In recent years, several states have proposed or enacted so-called Don’t Say Gay laws. The stated purpose of these laws is to prevent discussion of LGBT issues in schools. However, the real effect of these laws is to further marginalize and isolate LGBT students, who are already at high risk for bullying and suicide.
Dont Say Gay Laws
The first “Don’t Say Gay” law was proposed in Tennessee in 2011. The bill would have prohibited teachers from discussing any form of sexuality other than heterosexuality in grades K-8. Similar bills were proposed in South Carolina, Missouri, and Colorado, but all failed to pass.

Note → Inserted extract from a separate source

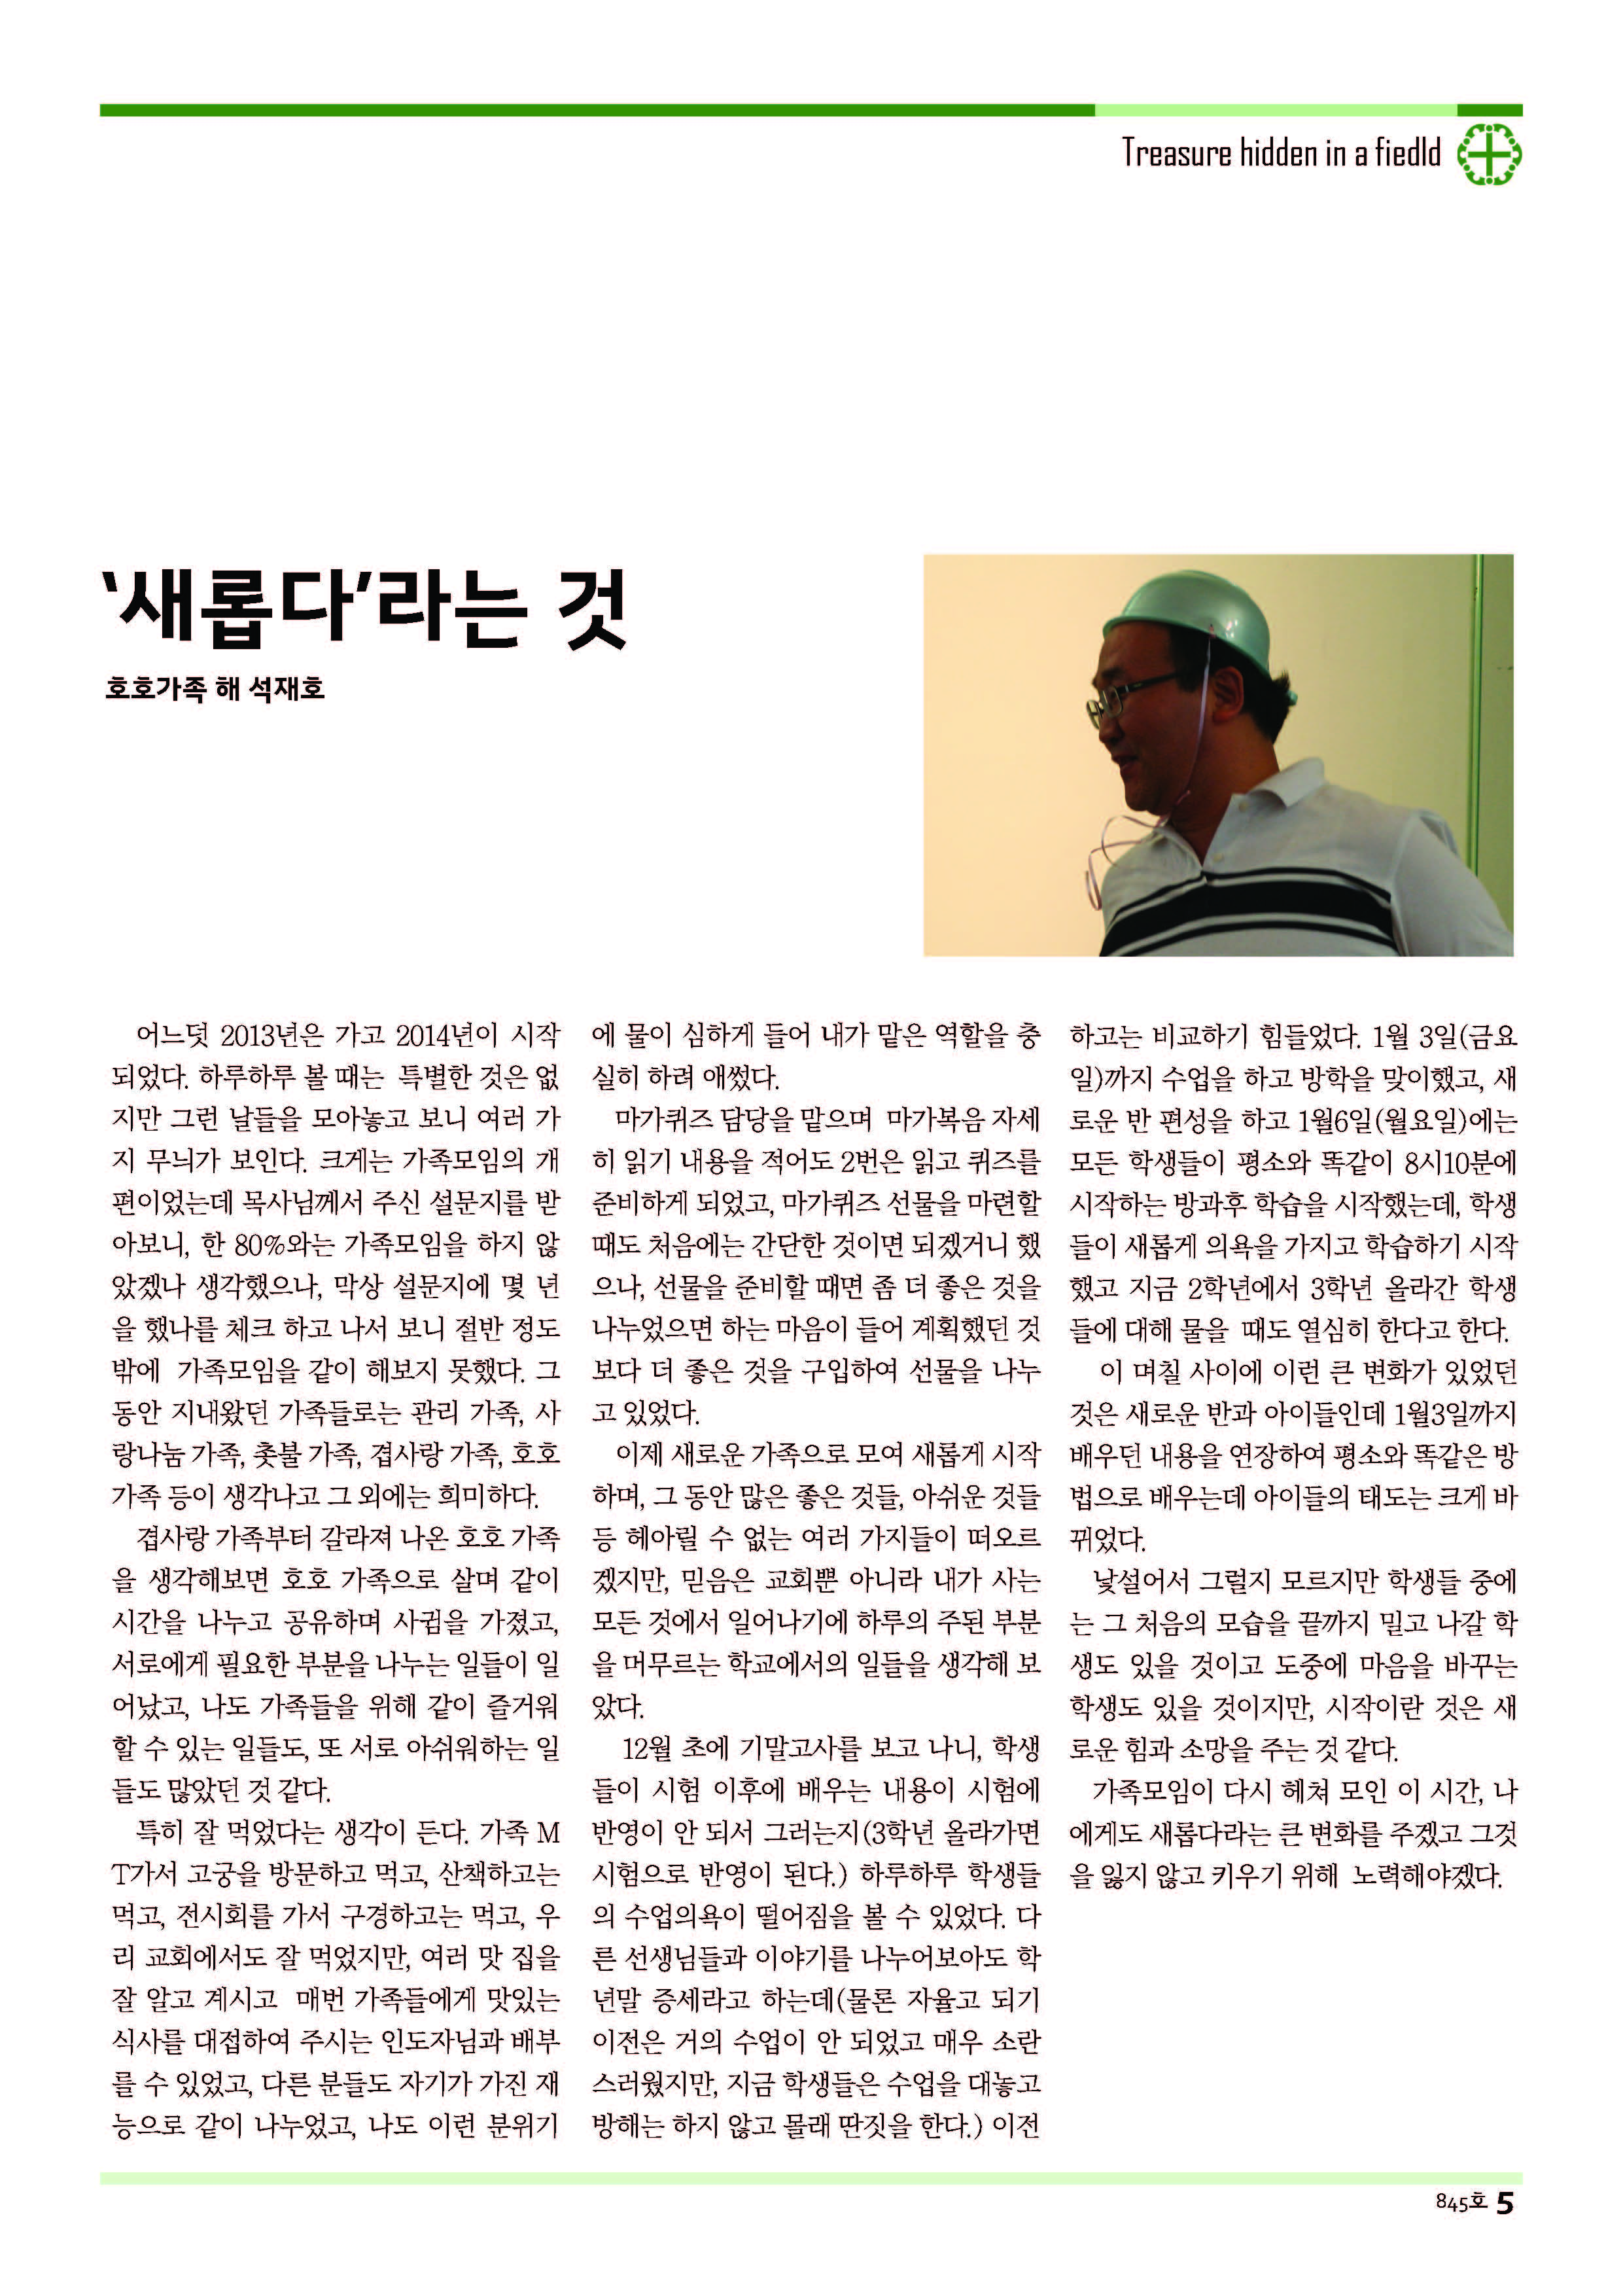 14sdjb0112_페이지_05.jpg

In 2013, Arizona became the first state to enact a “Don’t Say Gay laws. The Law Prohibits schools from offering any instruction or materials that discuss LGBT topics. This includes everything from discussions in class to displays in the hallway.
The problem with “Don’t Say Gay” laws is that they only serve to further marginalize LGBT students. These students are already at high risk for bullying and suicide, and these laws only make it harder for them to get the support they need.
What Are Don’t Say Gay Laws
There’s no such thing as a “don’t say gay law” in Canada. However, there are hate speech laws that prohibit the promotion of hatred against people based on their sexual orientation. So while you’re free to express your opinions about homosexuality, you can’t do so in a way that could lead to discrimination or violence against LGBTQ+ people.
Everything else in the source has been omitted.